### Exercise prompt
The copy must match the data below line for line and contain no images.

### Data block
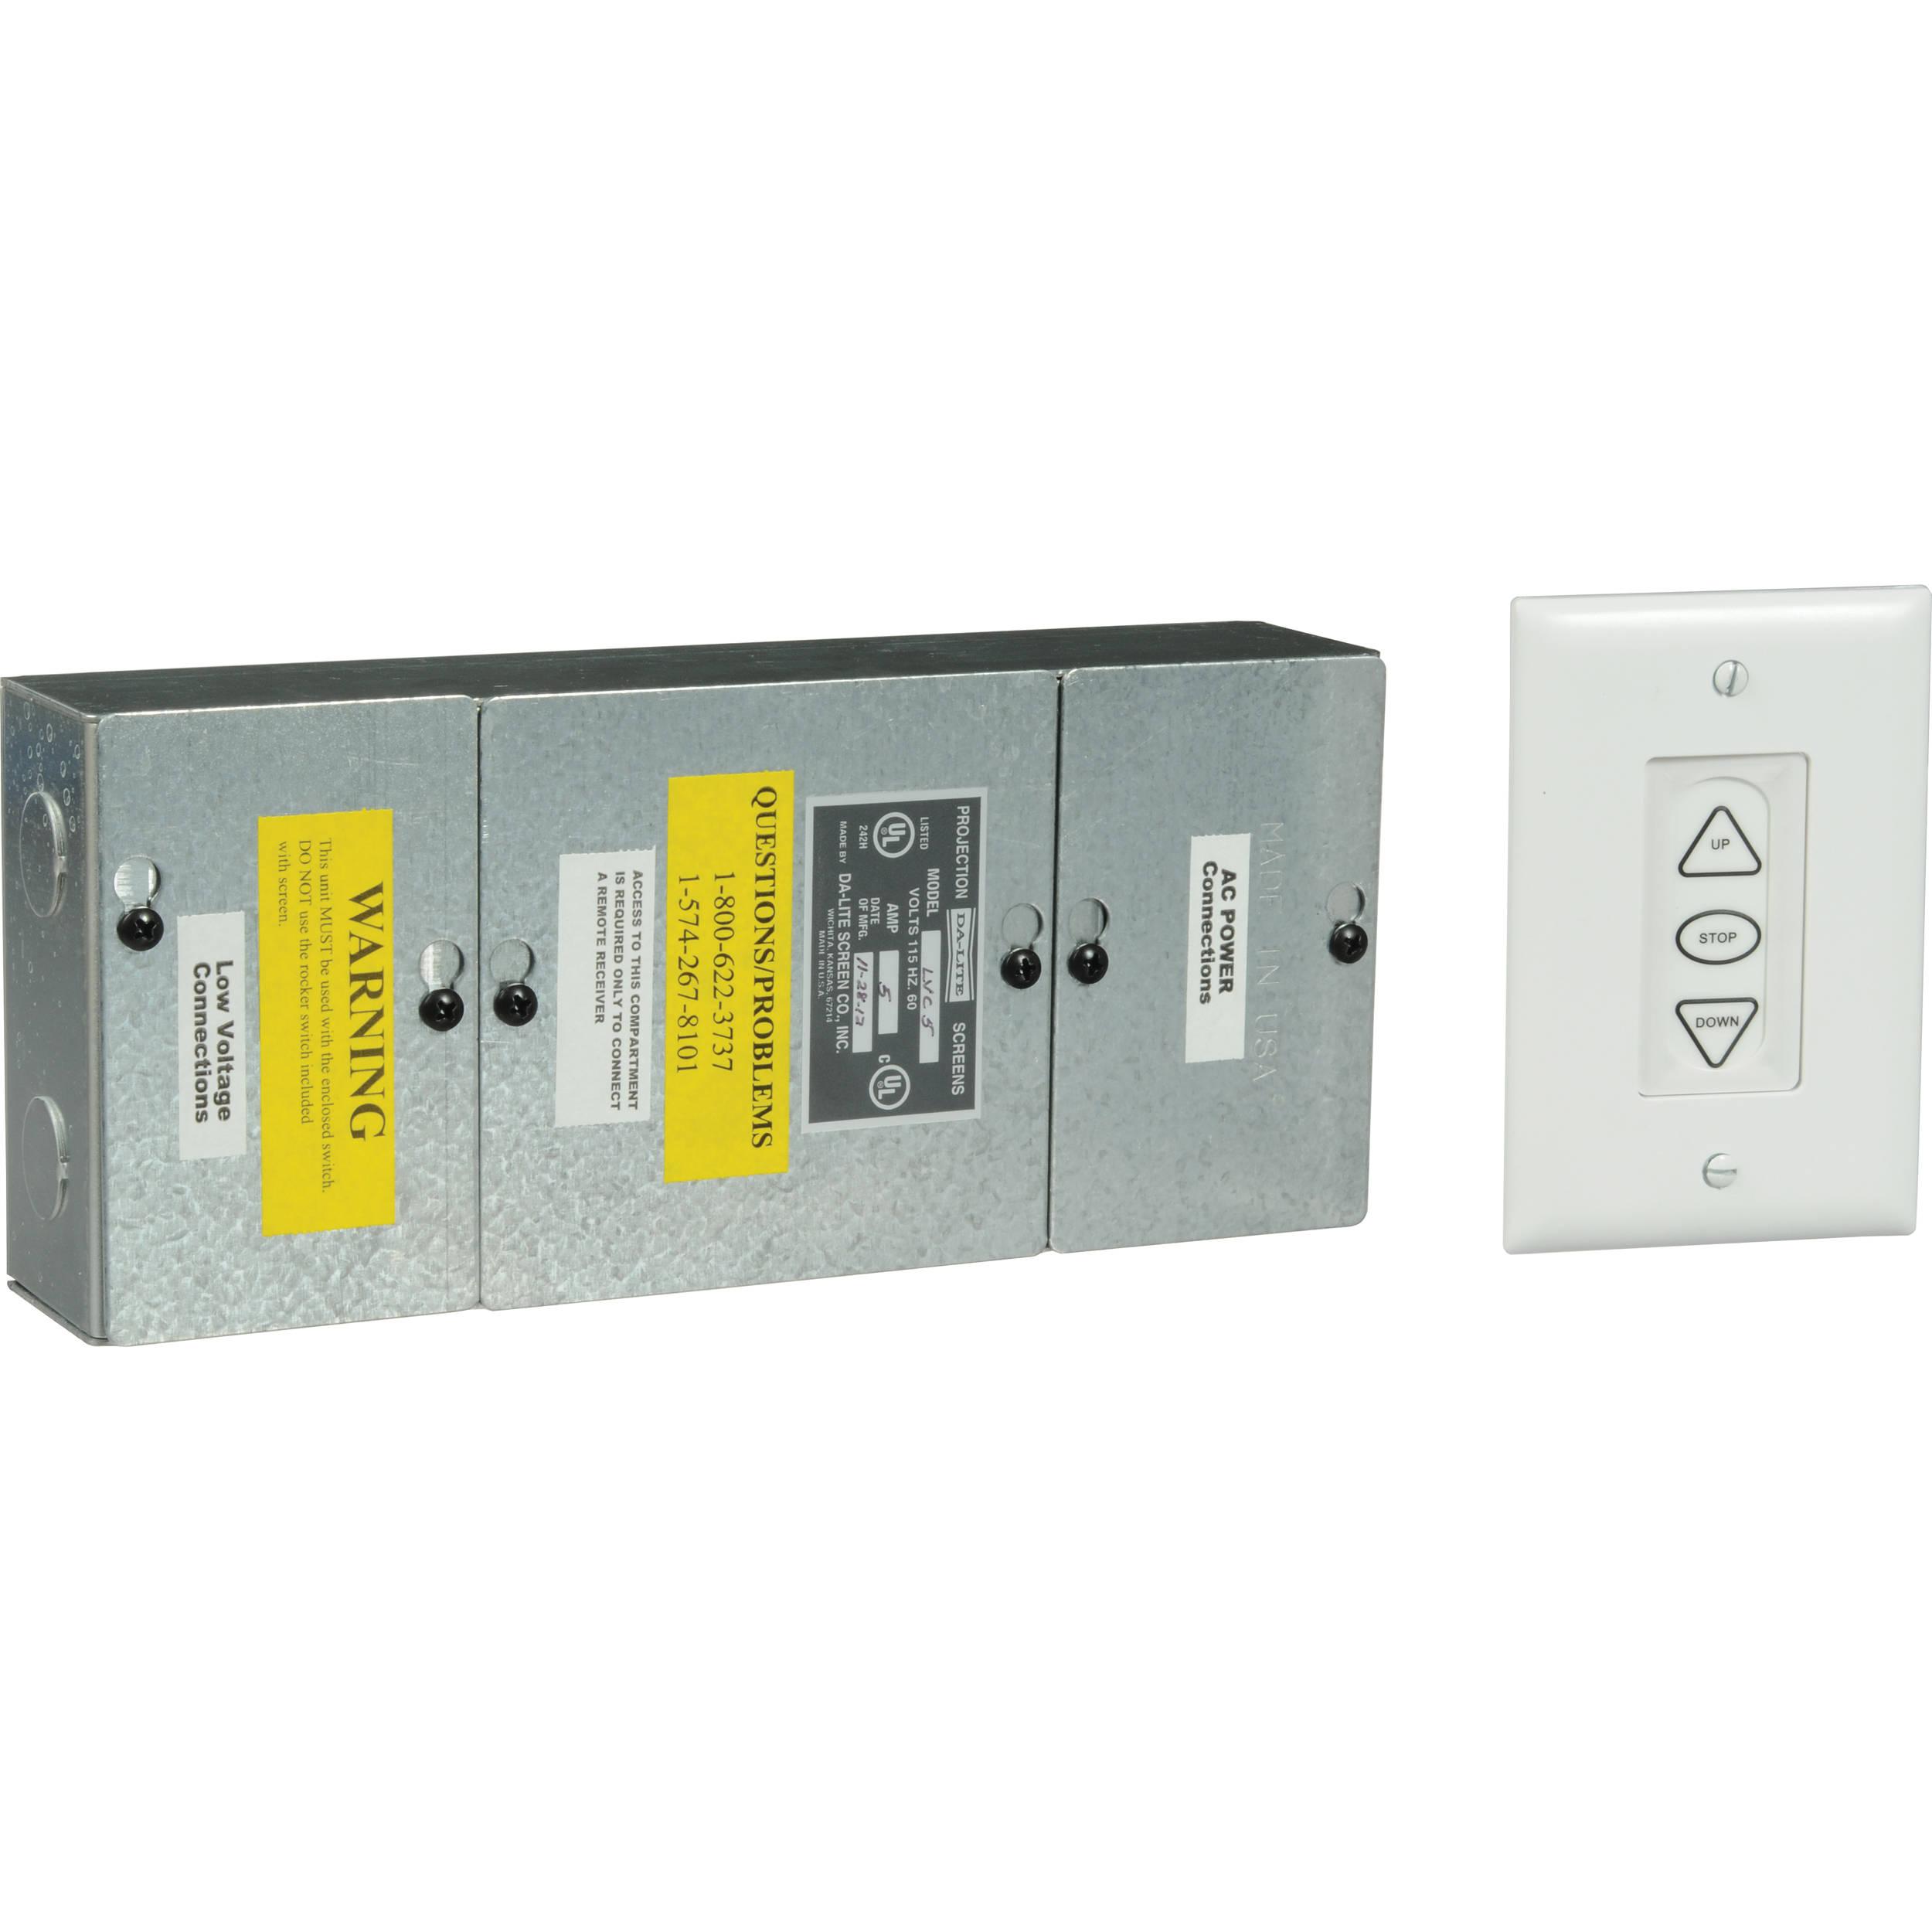 Da-Lite Single Motor Low Voltage Control System on
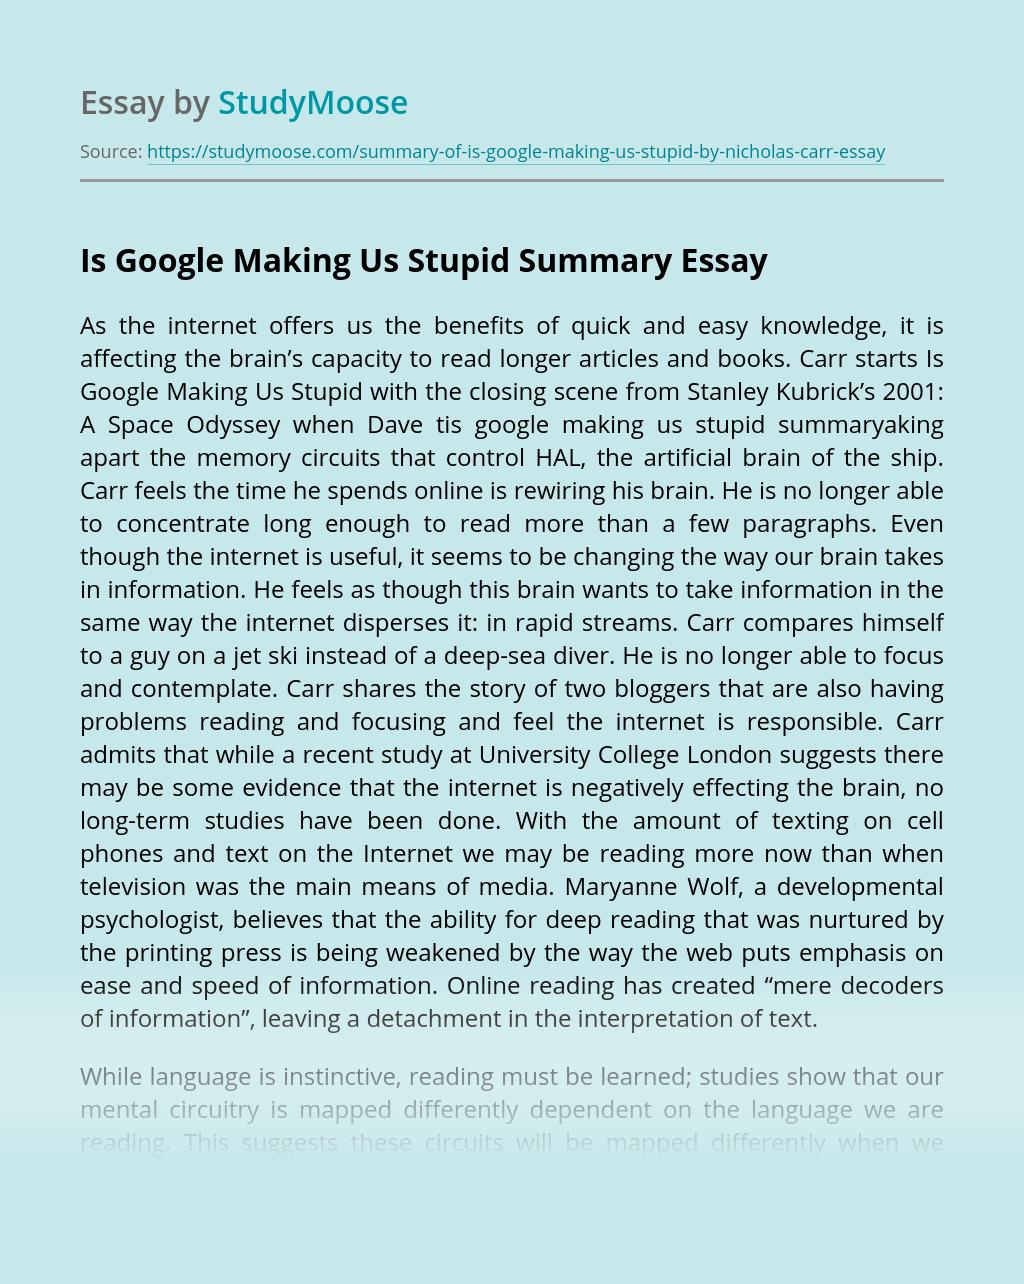 Is Google Making Us Stupid, Summary by Nicholas Carr
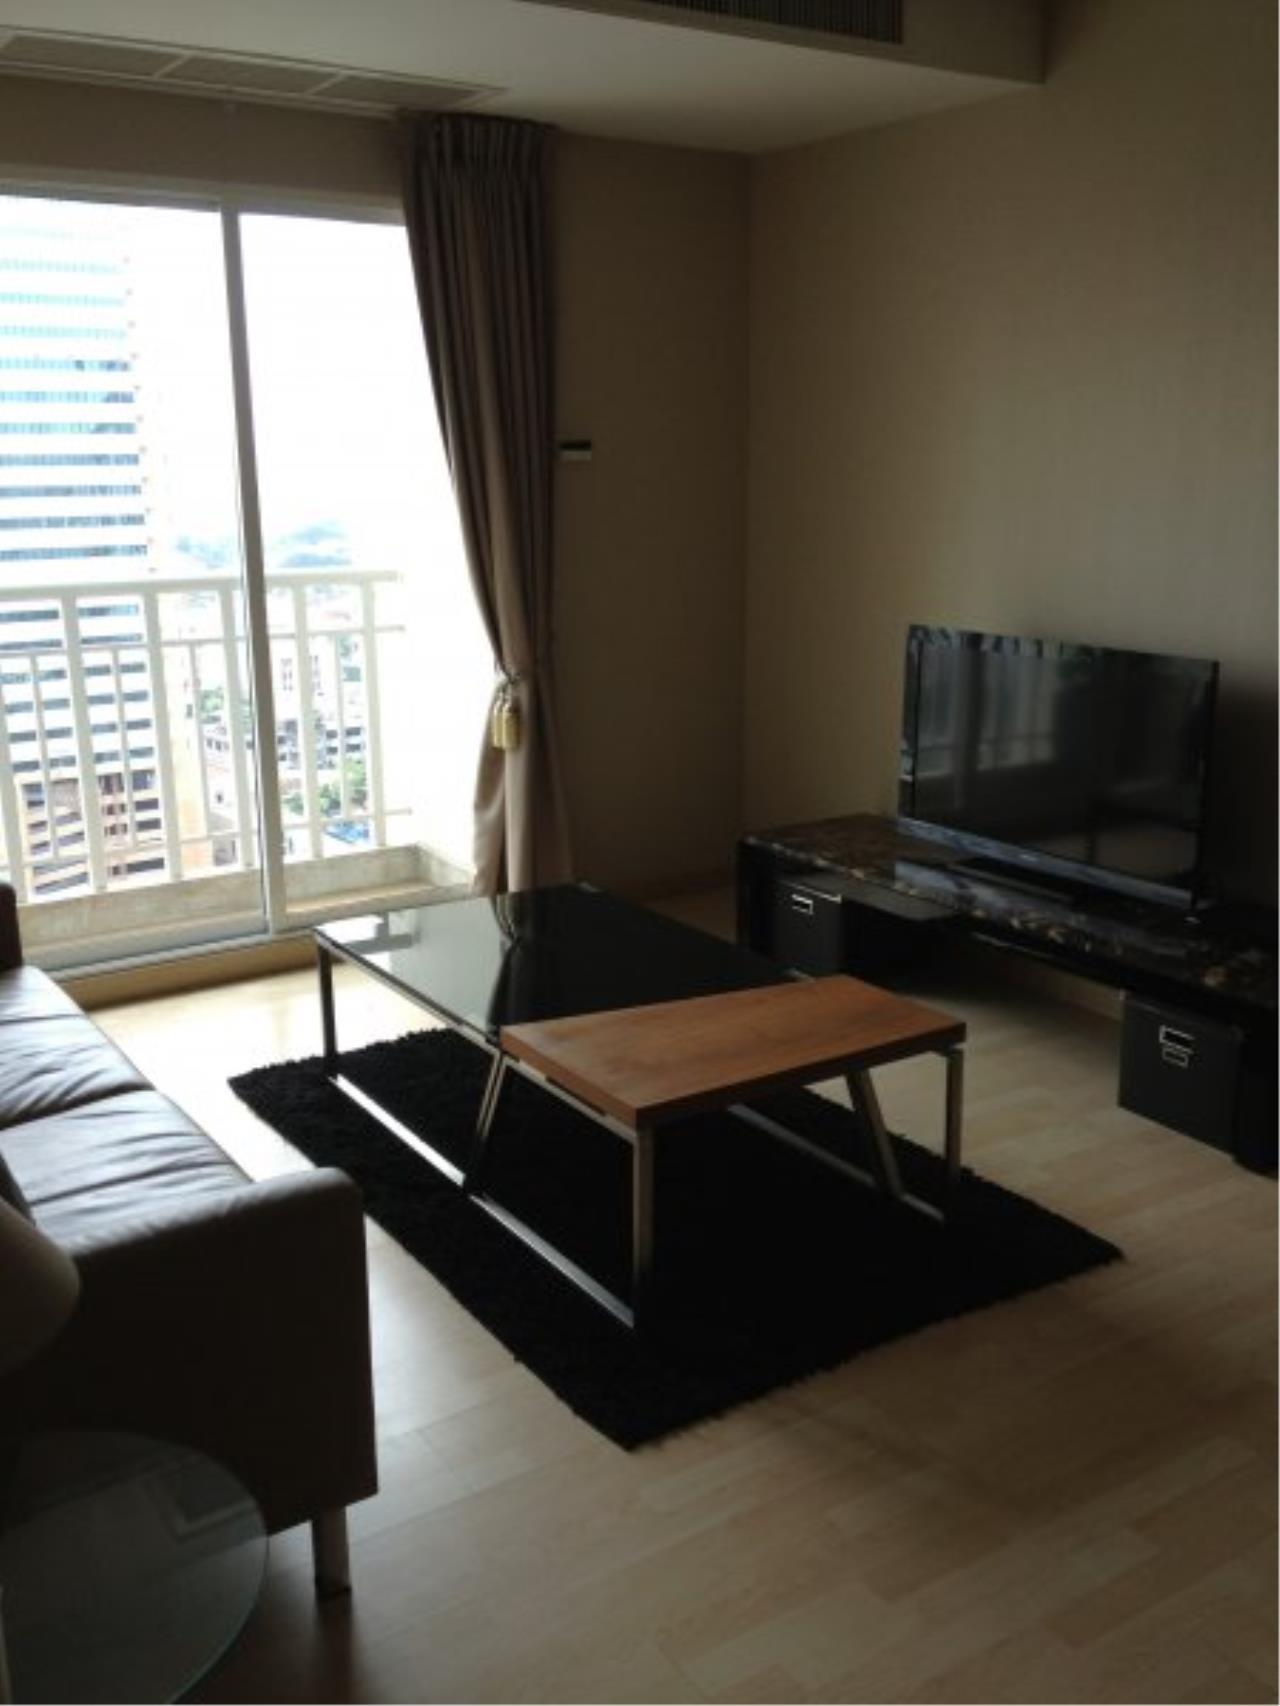 Piri Property Agency's Modern 2 Bedrooms in the 59 Heritage Bulding for rent on high floor 2

### Result of this exercise
 Da-Lite Single Motor Low Voltage Control System on
 Is Google Making Us Stupid, Summary by Nicholas Carr
 Piri Property Agency's Modern 2 Bedrooms in the 59 Heritage Bulding for rent on high floor 2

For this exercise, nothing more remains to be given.